Rachel Rowan Olive’s ‘Things I tell people happened to my arms’ folds out like a concertina to offer a humorous look at responses she offers to people who ask what happened to her arms. It is part of her wider work using humour and satire as a form of critique and political engagement. The comic-zine is also a series of jokes that may not be obvious to people outside mad, survivor and service-user communities. Olive doesn’t use the zine to explain what did happen to her arms or give context to why people might be asking. The zine is funny, if you are in the know, and enacts Olive’s final statement, that it is “none of your damn business”.

In the comic-zine ‘Graphic Medicine and Medical Anthropology’, the characters of Dana, the comic’s creator, and her mother Alice are in conversation. The persistent questioning by Alice (whose experience of Alzheimer’s disease is a central thread in Dana’s work) in this spread relates to the graphic medicine – the academic study of the relationships between comics and medicine. This zine turns the tables and use comics to explore the nature of the field of graphic medicine itself. Dana Walrath blends her own lived experiences of health and illness with reflections on the creation of comics. Through her conversation with Alice, she attempts to unpack the multi-layered reasons she makes comics.

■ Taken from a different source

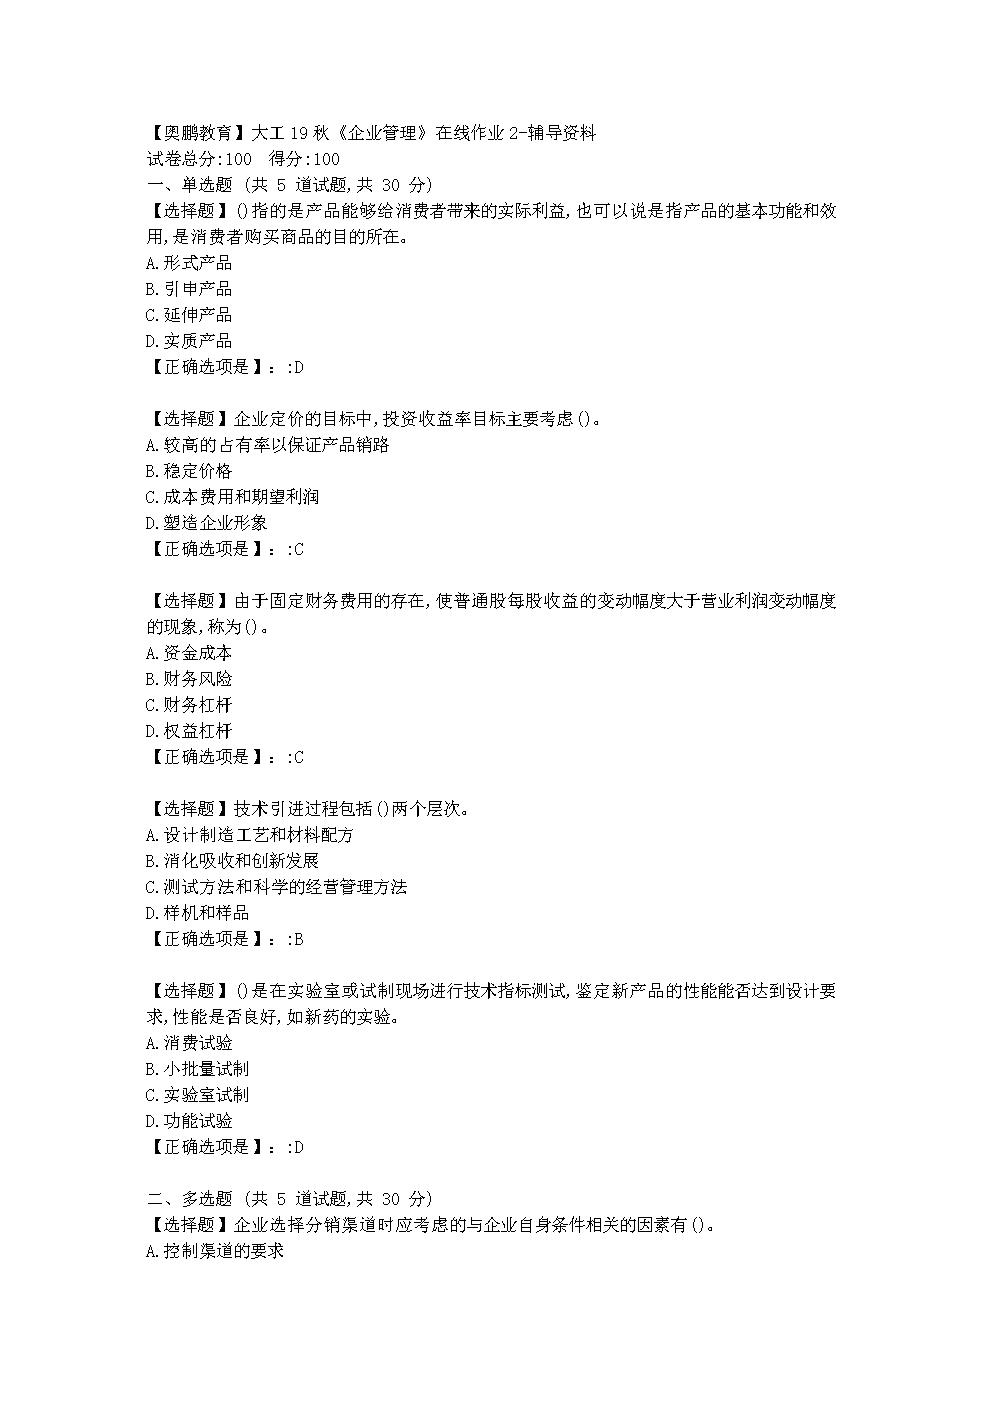 大连理工大学19秋《企业管理》在线作业2学习资料.doc
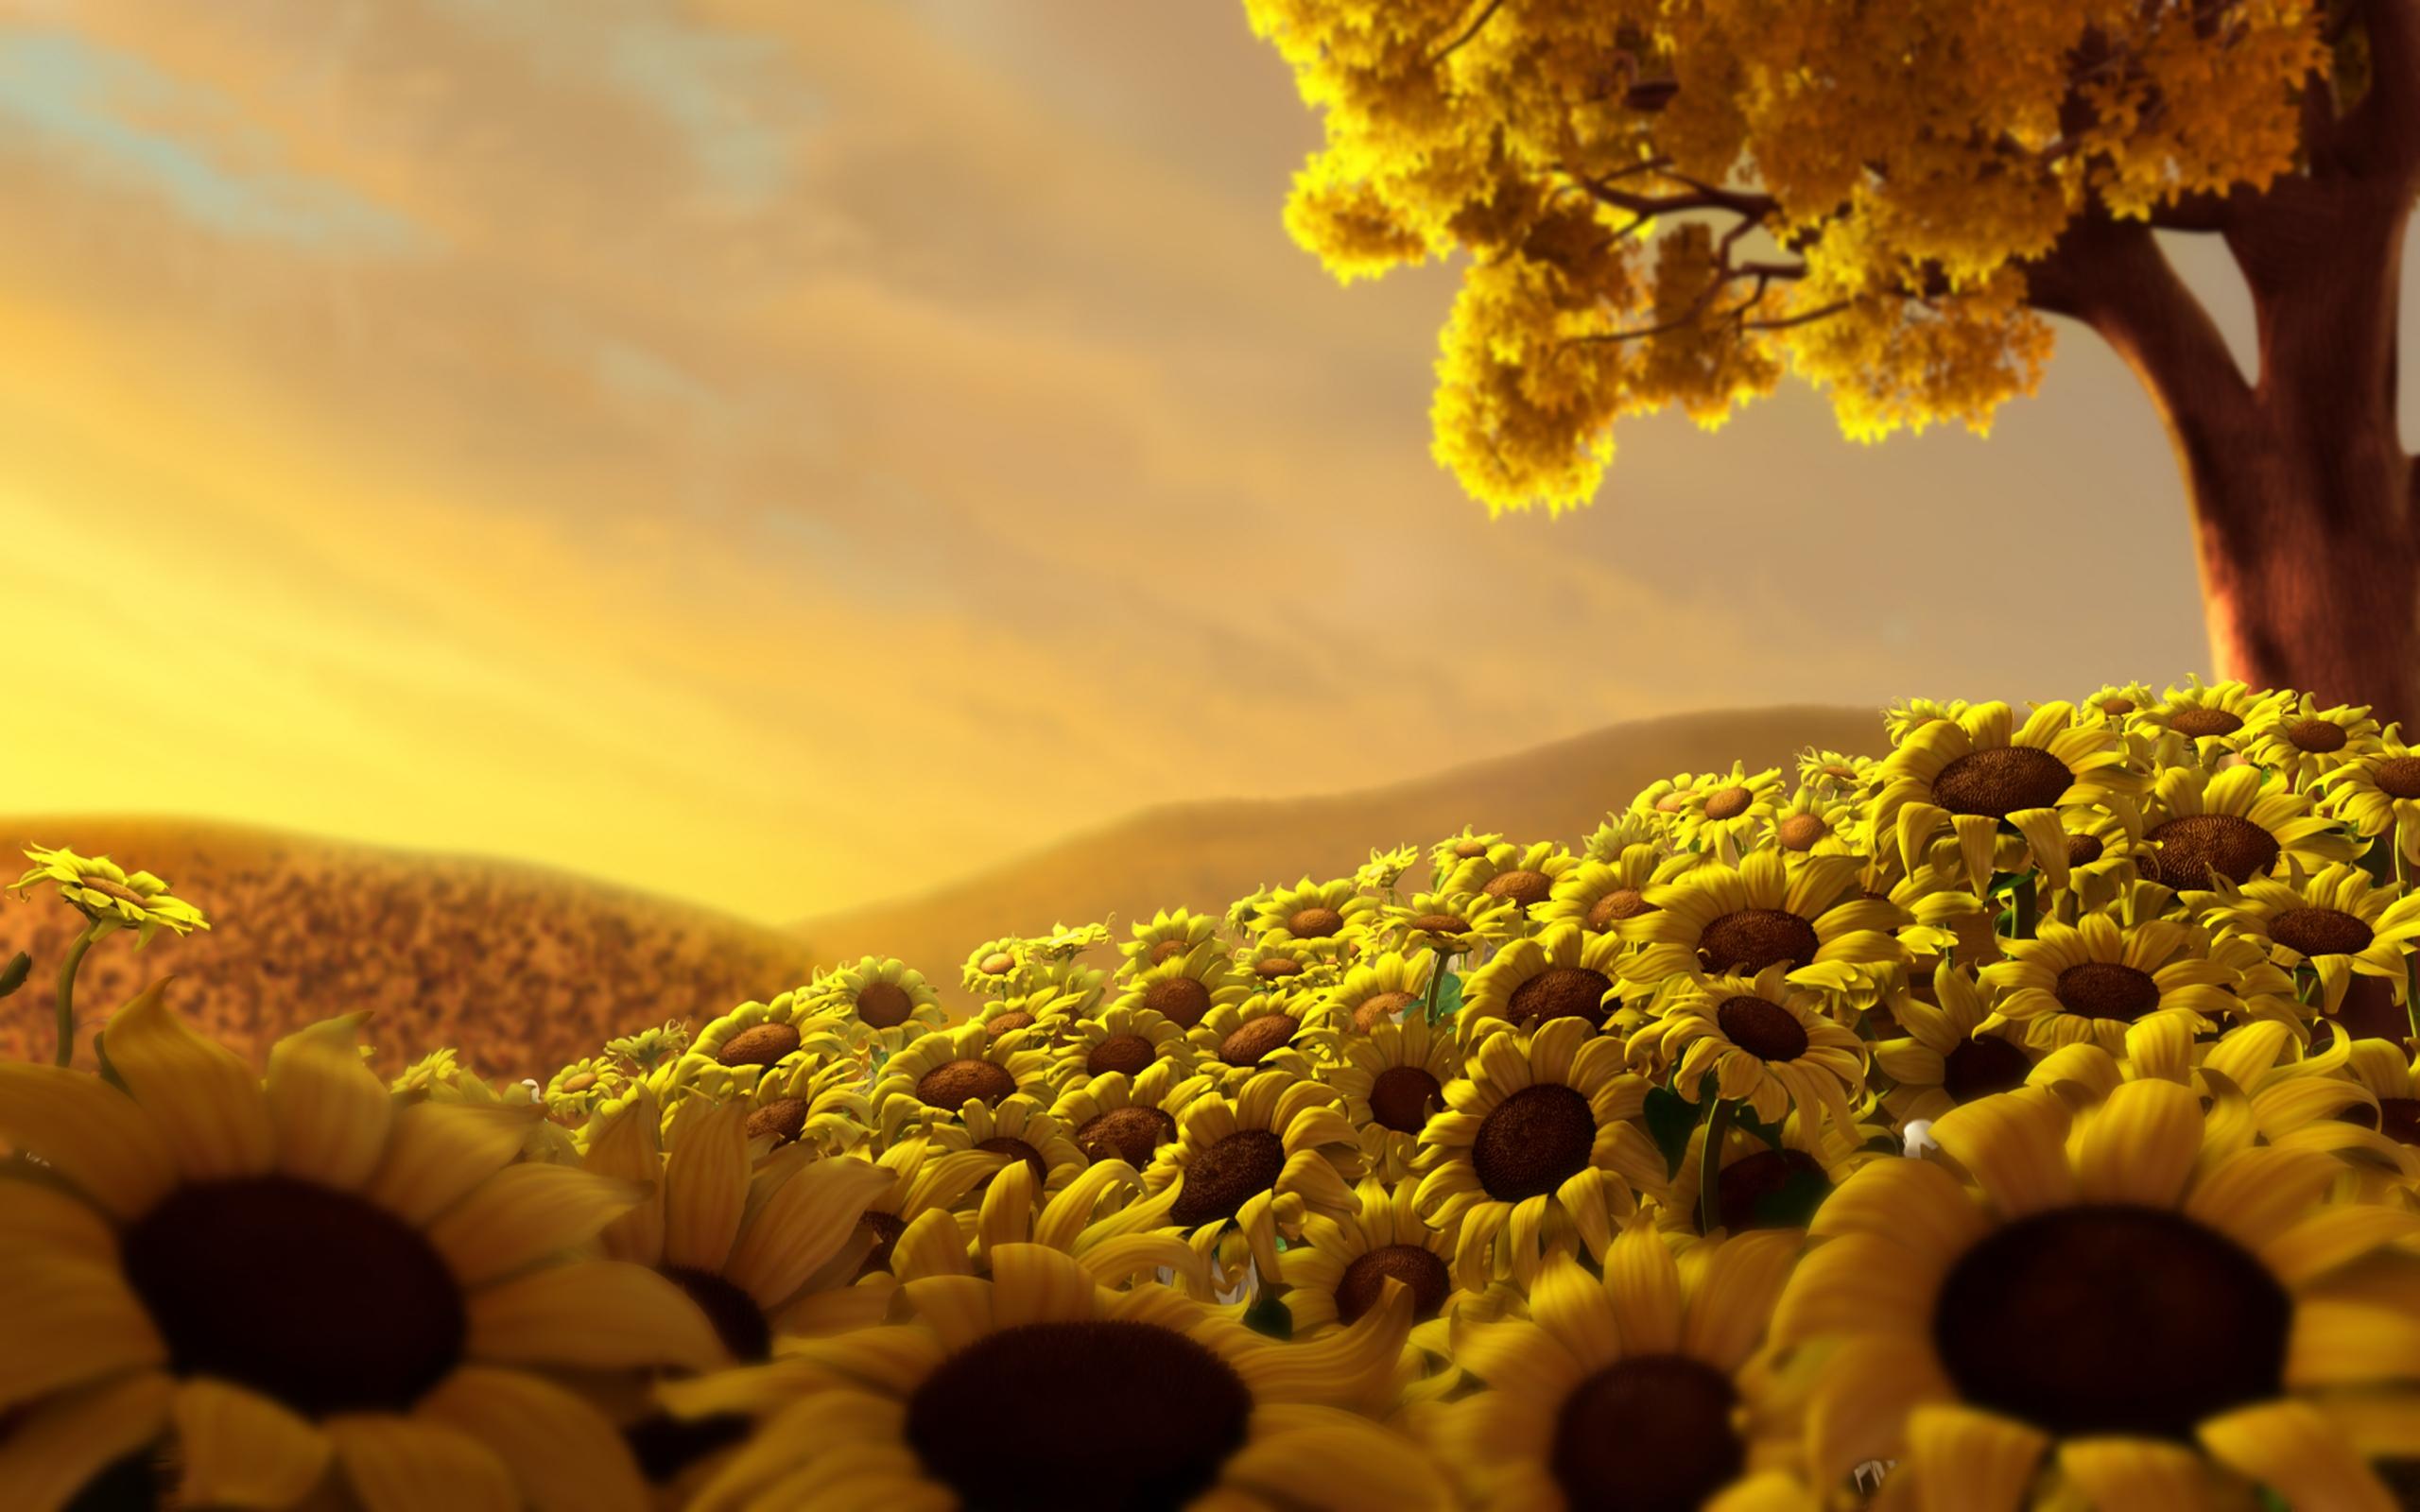 World of Sunflowers

This risoprinted zine offers a guide to aftercare in BDSM sexual practices. Risoprinters create a stencil called a master, and then push ink through this master to create a colour layer. In this zine, pink, teal and blue layers have been combined to create the brightly coloured pages. In the page on the right, one of the layers hasn’t perfectly lined up with the others. Rather than detracting from the meaning of the page, about the emotional state of ‘subdrop‘, it emphasises feelings of dislocation and disconnection that one partner might experience after a ‘scene’. Although not intentional (though the page was intentionally included in the zine), it demonstrates how material qualities play a part in how we read a thing.

In ‘Red Hanky Panky 9’, Rachael House brings together some of the strips ‘from her long running autobiographical comic-zine ‘Red Hanky Panky’ (1991–2001) with some newer strips. House reflects on how it feels to return to older comics and reconnect with her younger self. She finds that many of her concerns are the same, but some have changed (“more concerned with menopause than periods now”). House assembled this zine after spending time in the Queer Zine Archive Project and writes: “Queer zines save lives, you know” – a reference to the importance not just of the zines she read there, but of her own zines which are, in a way, archived in this issue.

Zine researcher Jessie Lymn has described zines as the “traces of practices that create them” – shifting our attention from the material object to the process of making. This page from Stacey Bru’s anxiety comics shows how comic-zines are closer to a visual diary of the practice of comics creation rather than the comic as a polished story or narrative. For many zine-makers, the process of making is as important as the outcome, and Bru describes their creations as “comics as therapy”.

The elongated form of this comic-zine is unusual, even for a zine. It is almost as long as a length of A3 paper, but very narrow. Inside, Brian explores his experiences of burnout as an autistic person. The unusual shape adds to the zine’s content – everything feels a bit stretched and out of shape. The format also narrows the amount that can go onto each page, turning them into vertical strips and shifting how we read the comic as a whole.
About the author
Lilith (Lea) Cooper
Lea Cooper is a zine-maker and zine librarian at Edinburgh Zine Library. They recently completed a practice-based PhD working with the zines at Wellcome Collection. They live on the Fife coast in Scotland.